Navigation UI Prototype: I used Adobe XD to create wireframes of the primary and secondary navigation elements, which were then incorporated into InVision to create a clickable prototype of this new navigation developed from our usability testing and heuristic evaluations.

Navigation Components: The navigation components for the mobile and desktop redesigns of the U.S. Department of Education focus on ease of use, clarity, a bold look, and simple shapes.

New Wireframes Incorporated the following Key Updates: 

  • Additional negative/white space

  • More images that better correspond to the content

  • Clear page sections, cards, and dividers to make information easier to view and find

  • More space dedicated to new menu items to make navigating the enormous amount of information on the site easier.

I used the wireframe mockups to create a clickable prototype that could be used to showcase and test the new navigation system and wireframe layouts.

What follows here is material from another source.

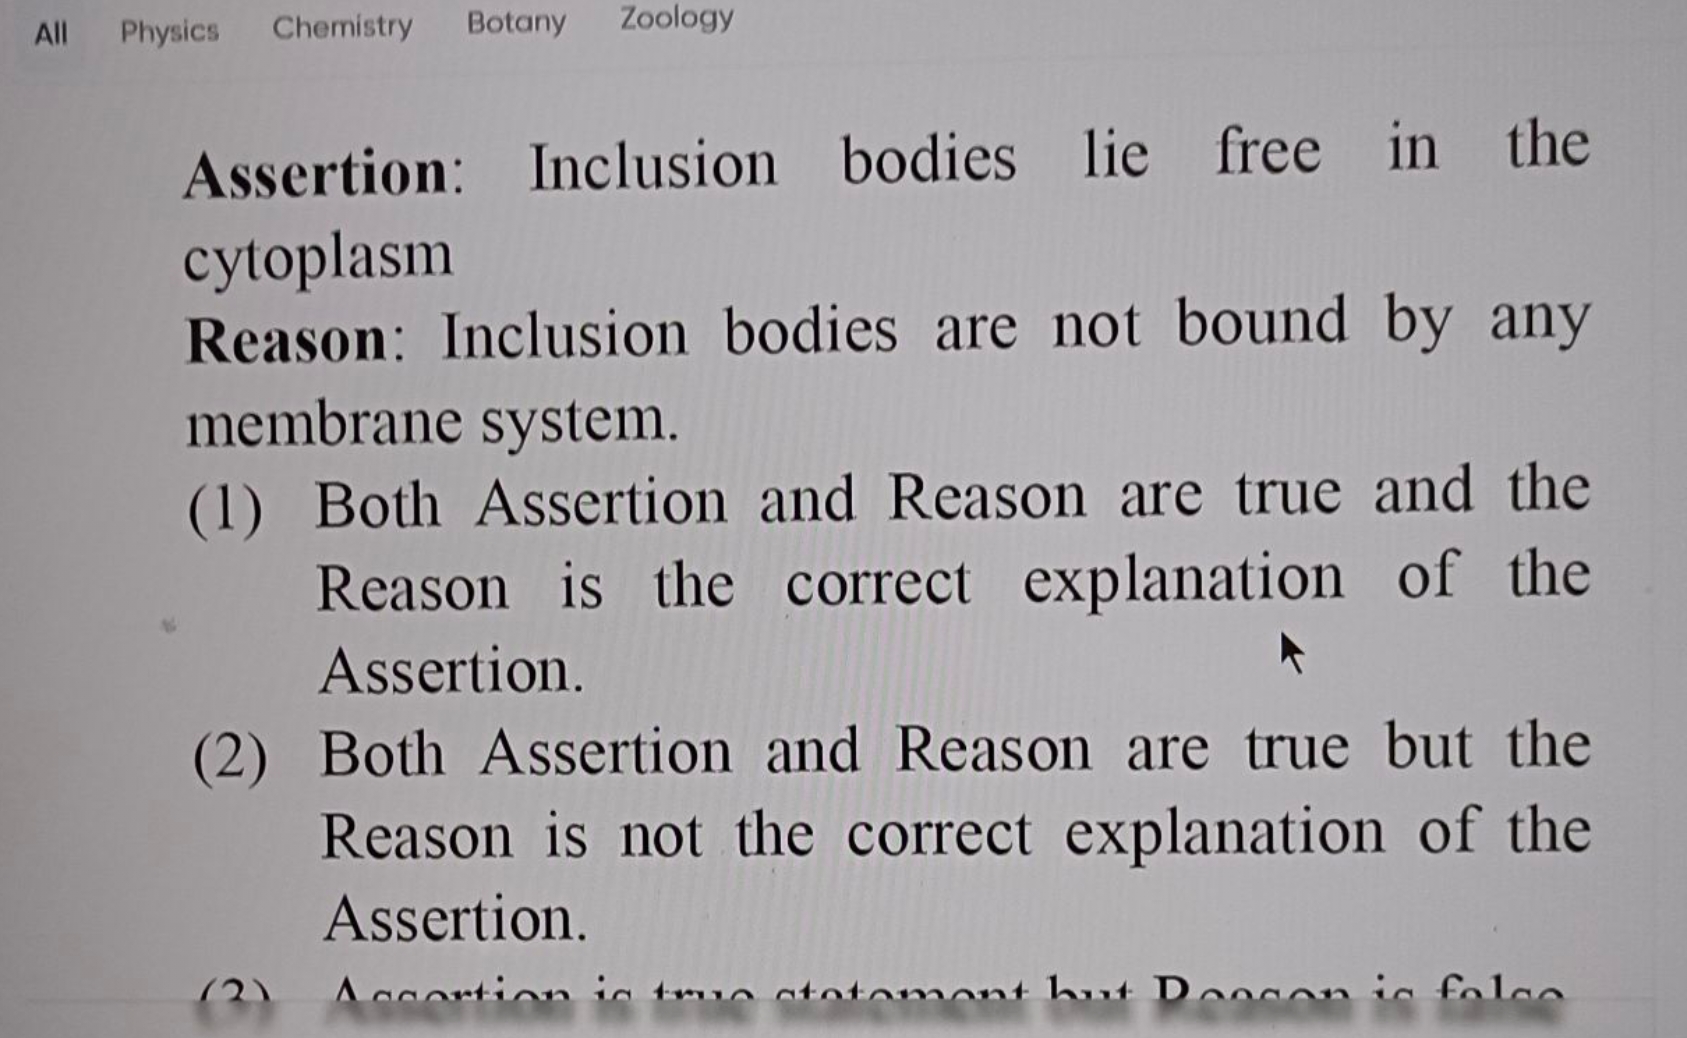 Assertion: Inclusion bodies lie free in the cytoplasm

UI Style Tile: The new Style Tile for the U.S. Department of Education aims to create a bold, helpful, authoritative, but also approachable brand feel for the website redesign. Friendly, colorful imagery of people and students, existing graphics from the department’s social media campaigns, and a more striking variation of the blue and green color palette were all incorporated.

UI Style Guide: The UI Style Guide expanded upon the Style Tile for the U.S. Department of Education. The guide added many new elements — lists, dropdowns, checkboxes — to contribute to the site’s bold look and organized, streamlined layout. I then applied the UI Style Guide to my low-fidelity desktop and mobile wireframes to create mid and then high-fidelity versions.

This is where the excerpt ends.